Analysis of a novel sorting mechanism of soluble secretory proteins in the Golgi

2021 Fiscal Year Final Research Report

• Project/Area Number: 19H03220
• Research Category: Grant-in-Aid for Scientific Research (B)
• Allocation Type: Single-year Grants
• Section: 一般
• Review Section: Basic Section 44010:Cell biology-related
• Research Institution: Tohoku University
• Principal Investigator: Fukuda Mitsunori 東北大学, 生命科学研究科, 教授 (50311361)
• Project Period (FY): 2019-04-01 – 2022-03-31
• Keywords: 低分子量Gタンパク質Rab / 分泌経路 / 上皮細胞 / Rab panel / スクリーニング / ノックアウト細胞 / 可溶性蛋白質 / 膜輸送

Outline of Final Research Achievements

In the secretory pathway, soluble secretory proteins and membrane proteins are packed into small vesicles, which are transported from the endoplasmic reticulum (ER), to the Golgi apparatus, and eventually to the plasma membrane.
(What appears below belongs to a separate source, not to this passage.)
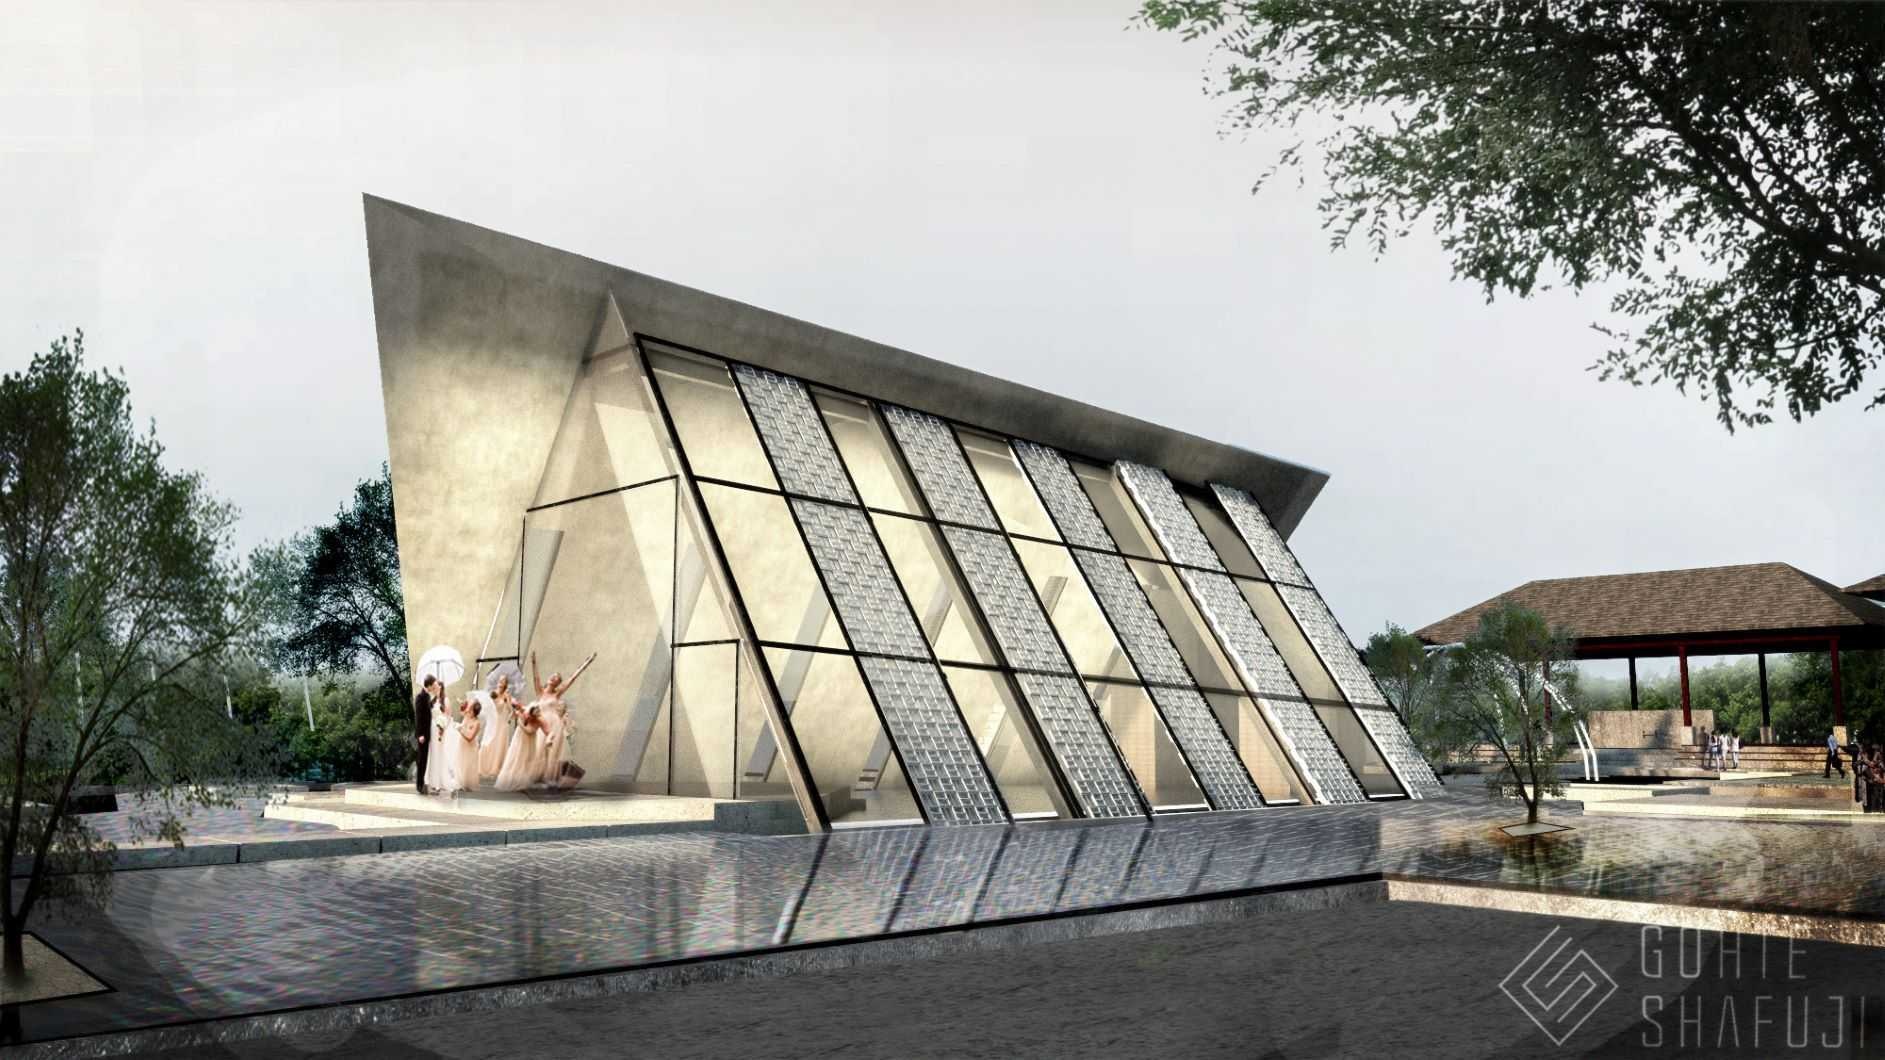 Gohte Architects Allinson Puncak Resort Cisarua, Kec. Cisarua, Kabupaten Bandung Barat, Jawa Barat, Indonesia Cisarua, Kec. Cisarua, Kabupaten Bandung Barat, Jawa Barat, Indonesia Gohte-Architects-Allinson-Puncak-Resort   96672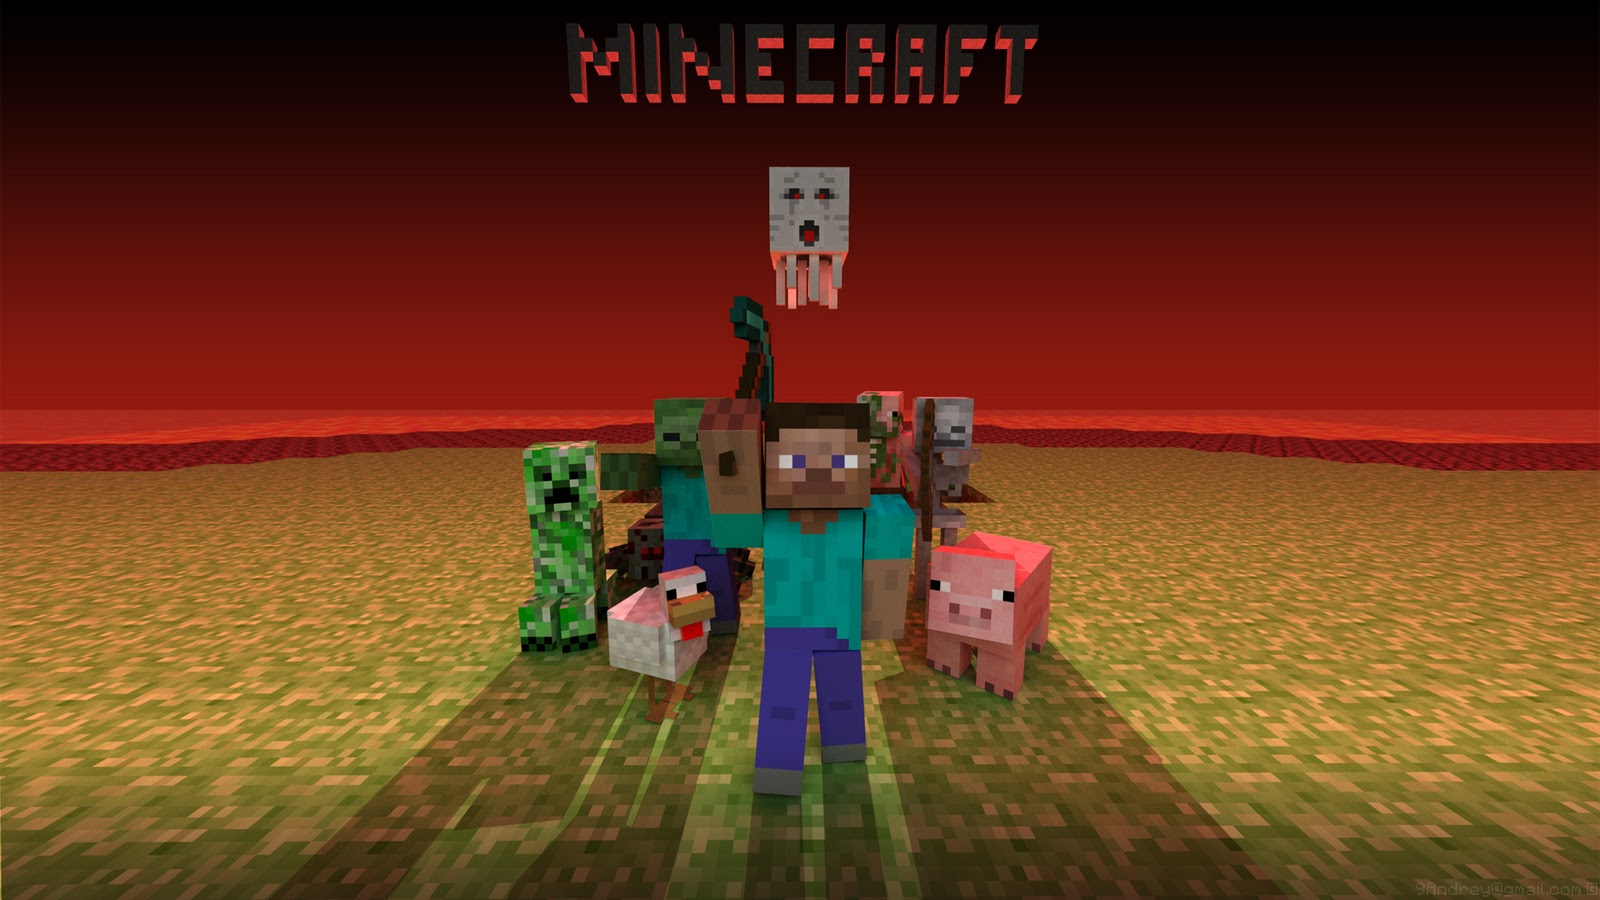 Minecraft HD Texture Pack: Minecraft Wallpaper HD

In general, soluble secretory proteins and membrane proteins are packed into the “same transport vesicles” in the ER, and a similar mechanism is thought to be used when both proteins are sorted into transport vesicles even in the Golgi, although their sorting and transport mechanisms are poorly understood. In this study, we found that Rab6 plays an important role in secretion of soluble secretory proteins. In Rab6-knockout cells, secretion of soluble secretory proteins to the culture medium was generally impaired, whereas transport of transmembrane proteins to the plasma membrane was only mildly affected. Based on our findings, we suggest that soluble secretory proteins and transmembrane proteins are mostly segregated into different post-Golgi vesicles.

Free Research Field

細胞生物学

Academic Significance and Societal Importance of the Research Achievements

本研究成果により、可溶性蛋白質と膜蛋白質は必ずしも同じ輸送小胞に選別されるのではなく、少なくともRab6非存在下では、両者が異なる小胞に選別されている可能性が極めて高いことが明らかになった。今後、Rab6に依存しない膜蛋白質の輸送の詳細な仕組みが明らかになれば、教科書の記載変更にもつながるものと期待される。
また、我々の体を構成する細胞は、コラーゲンなど生理学的に重要な様々な可溶性蛋白質を細胞外へと放出している。本研究により明らかになったRab6とその結合分子を介する分泌の詳細な分子基盤が明らかになれば、将来的には、薬剤スクリーニング等による人為的な分泌制御にも発展する可能性を秘めている。